INTERSECTION SITE AXONOMETRIC
FRAGMENT SECTION OF INTERCONNECTED KITCHEN AND GARDEN
Garden Up
Proposal for 1855 Eglington Ave.
LONGITUDINAL SECTION PERSPECTIVE
The high-rise caters towards the mixed tenancies of supportive housing, youth transitional housing, as well as affordable housing, with the intention of promoting the reintegration of often separated groups back into the community. The network of interconnected kitchen, dining and vertical gardening spaces allow for a communal sense of living, promotes the sharing skills and experiences, while having access to a variety of support systems at close proximity, creating a micro urban village within the building.
Universal Literacy
Proposal for 1828 Eglington Ave.
This multi-generational mid-rise combines universal design for seniors with a focus on providing literacy resources to any who are struggling to adjust to the accelerating pace of society. To seniors, for whom research has shown that social isolation is the key factor that leads to mental and physical health issues, teaching and incorporating digital tools and literacy skills is essential to raising their quality of life.
*unit layout diagram + cross section produced by Mary Ma
How can we re-introduce and promote intuitive connections between the city and a neglected river bank?

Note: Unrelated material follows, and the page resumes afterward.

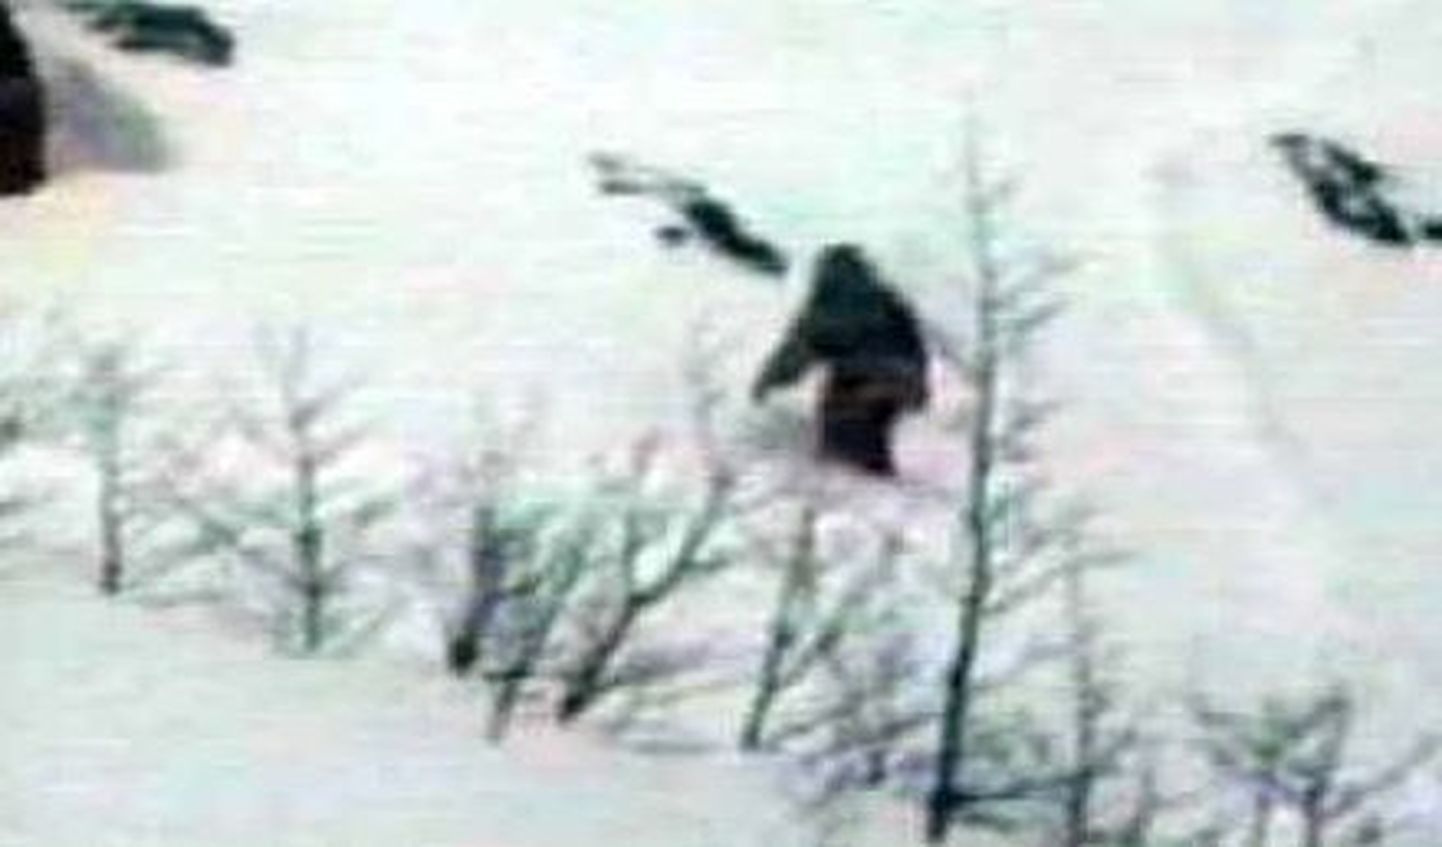 Jaapanlaste sõnul õnnestus neil 2003. aastal lumeinimest kaugelt filmida. Sellel aastal leidsid nad lumeinimese jäljed

Project Type: Cultural, Museum, Landscape
Completed: Fall 2022, 4th Year Design Studio
Location: Roma, Italy
Programs: Rhino 6, Enscape, Adobe Suite
Supervised by: Beatrice Bruscoli, b.bruscoli@archiworld.it & Eduardo Cappella, edoardo.cappella@gmail.com
Along the banks of the Tiber, which has become a distinct separation line between the river and the city today, this project acts as an important intersection point and transitional space that aims to promote natural circulation and use by the water. The Tiber, traditionally a hinge element in the urban landscape of Rome, has become largely ignored in the neighbourhoods of the selected site, primarily due to a lack of visual connections and access. To promote intuitive circulation to the river banks below and integration with the natural landscape, the project scheme uses the existing lines formed by the embankment, pulling at them as they juxtapose the city’s built landscape with the natural overgrowth of landscape framing the river. The spaces created by these intersecting lines and circulation are then activated by the creation of public spaces, both as part of the museum and as public elements in the urban environment.
Access to the water can then be achieved through following the directed circulation through the museum, crossing spaces and directed views that break through the vegetation and frame the Tiber in different ways, or alternatively through the landscaped park just downstream of the museum. The new museum is mainly below the level of the existing Arsenale complex, accentuating historical structures and further integrating the building into the embankment, with its primary face towards the river. A central lookout point at the Arsenale building becomes the hinge of the project, and symmetry is achieved with artifacts and exhibitions in one direction, and archives in the other. However, regardless of which direction the occupant follows, the lower riverwalk plaza becomes the natural, if unintentional destination.
The park follows the same language as the museum, pulling at lines of the topography, creating spaces of program such as an outdoor classroom, sculpture garden, and flexible picnic hill between the planted landscape.